Blois : une enquête préliminaire ouverte trente ans après l'agression sexuelle d'une religieuse

Trente ans après avoir été victime d'une agression sexuelle, une ancienne religieuse a brisé le silence. Après son dépôt de plainte en avril, une autre victime potentielle du même prêtre s'est manifestée. Le procureur de Blois a lancé une enquête préliminaire.

Des décennies plus tard, il est toujours aussi difficile et douloureux de briser le silence sur les violences sexuelles au sein de l'Église catholique. C'est ce tabou que Caroline, ancienne religieuse du Loir-et-Cher habitant désormais Limoges, veut remettre en cause. C'est la raison du signalement qu'elle a envoyé au palais de justice de Blois en avril 2019, concernant une agression sexuelle dont elle a été victime il y a trente ans. Une enquête préliminaire a été ouverte et une autre victime potentielle a également été identifiée dans le Loir-et-Cher, comme le confirme le procureur, Frédéric Chevallier. 

 

Agressée pendant la confession

L'affaire remonte à la fin des années 80. A l'époque, Caroline est une religieuse d'une vingtaine d'années au sein de la Communauté des Béatitudes, dont dépend un petit lieu de retraite à Nouans-le-Fuzelier. Le père Jacques Marin, âgé, lui d'une soixantaine d'années, est alors une "star". On fait des kilomètres pour le voir et bénéficier de son "charisme de guérison".

C'est lors d'une confession, et en prétendant utiliser ce don reconnu par l'Église, que le prêtre se serait livré à des attouchements selon l'ancienne religieuse. Caroline vivra les trente années suivantes dans le silence. Elle quitte la communauté après quelques mois mais poursuit son engagement auprès de l'Église. En 2016, un décret du prélat de la Mission de France finit par retirer au père Marin "la faculté d'entendre les confessions", invoquant pêle-mêle des "gestes et attitudes" déplacés, la surdité du clerc et son grand âge, 86 ans au moment du décret.

 

 

Un témoignage fin septembre finalement annulé

"J'ai une colère en moi, parce que pendant des années, personne n'a rien dit, et parce que pendant des siècles, l'Église a couvert des crimes", témoigne Caroline, rencontrée à Limoges par France 3 Limousin. "Ces gens-là savaient qu'à un moment ou un autre ils devraient rendre des comptes, qu'ils devraient passer par la vérité", poursuit l'ancienne religieuse, qui affirme continuer à aimer son Église.
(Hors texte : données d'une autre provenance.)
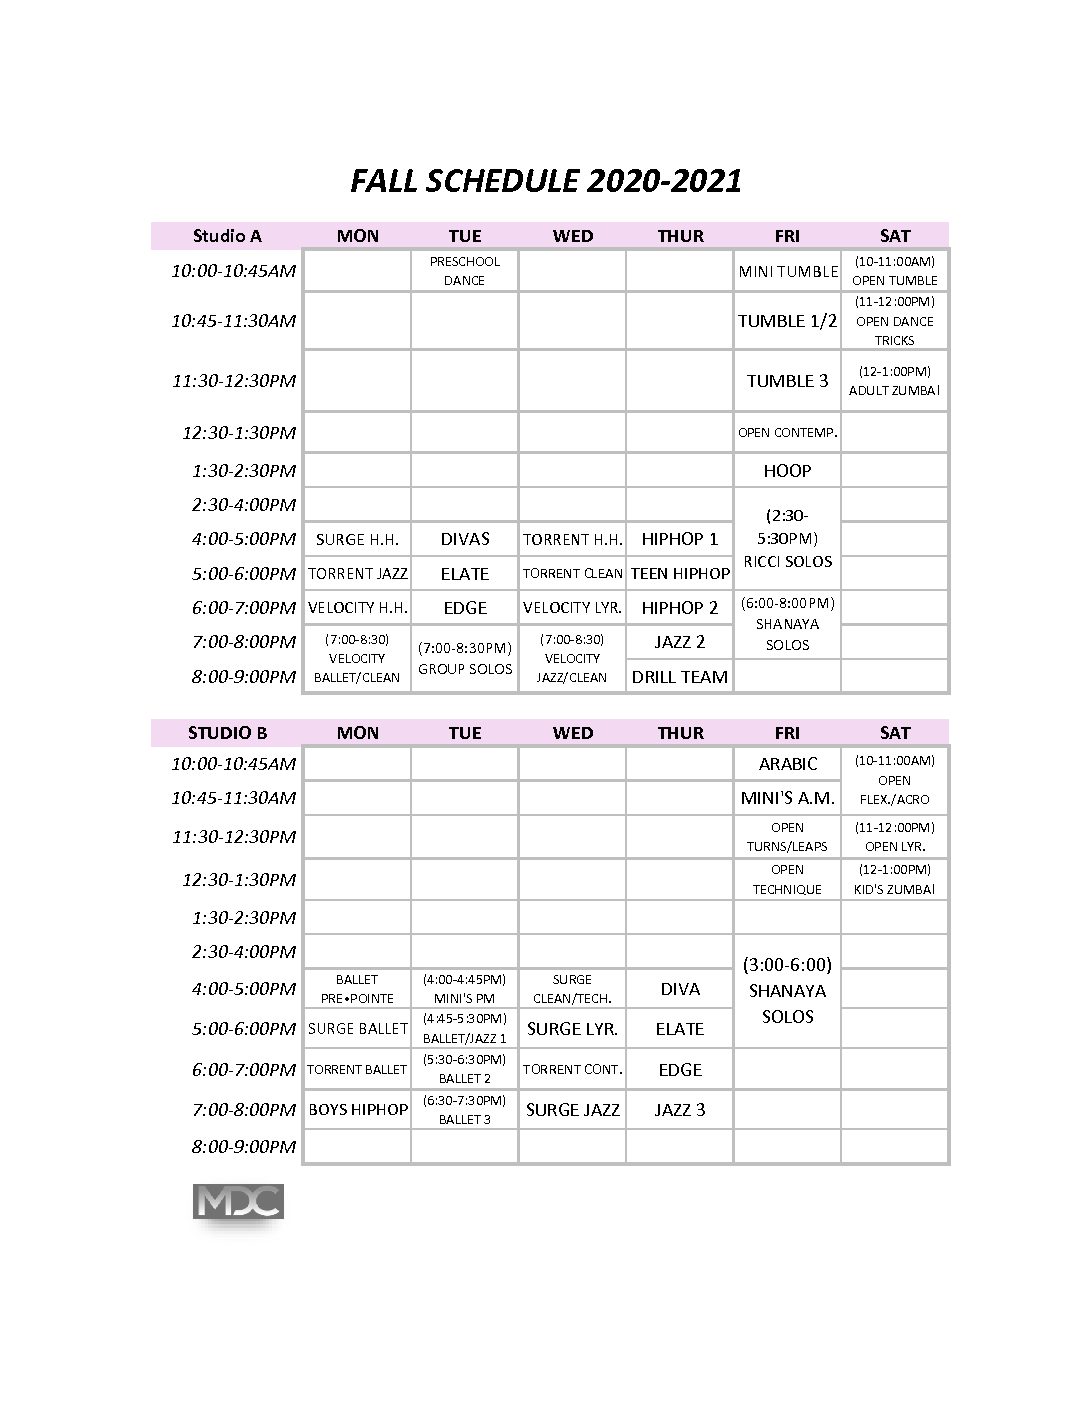 DANCE is back! Fall dance classes start today at MDC

Il faut faire le ménage dans l'Eglise, sinon on se rend complice. C'est une maladie, il leur faut des soins. Il faut faire sortir ces gens-là de l'Eglise. C'est trop grave ! C'est trop grave.

Après avoir brisé le silence il y a un an, Caroline devait livrer son témoignage lors de la journée de rentrée organisée par l'Action catholique des femmes (ACF) de Haute-Vienne dans des locaux prêté par l'évêché local. Inquiet pour l'image de l'institution, l'évêque du diocèse, Mgr Bozo, a cependant insisté pour que cette prise de parole s'accompagne d'un "contrepoint" au récit de la victime. Une configuration dont se sont émues l'association et la victime, qui ont annulé l'événement jusqu'à nouvel ordre.
 

 

L'Église avance, mais part de loin

De son côté, l'Église catholique peut se targuer de quelques progrès dans la libération de la parole des victimes d'agressions sexuelles en son sein. Mais elle part de loin. En mai, le Pape a modifié la loi canonique via une bulle pontificale afin de rendre obligatoire le signalement de tout soupçon d'agression sexuelle ou de harcèlement à la hiérarchie de l'Eglise. La bulle ordonne également la mise en place de dispositifs permettant au public de signaler des cas d'agressions, et aux victimes d'être accompagnées.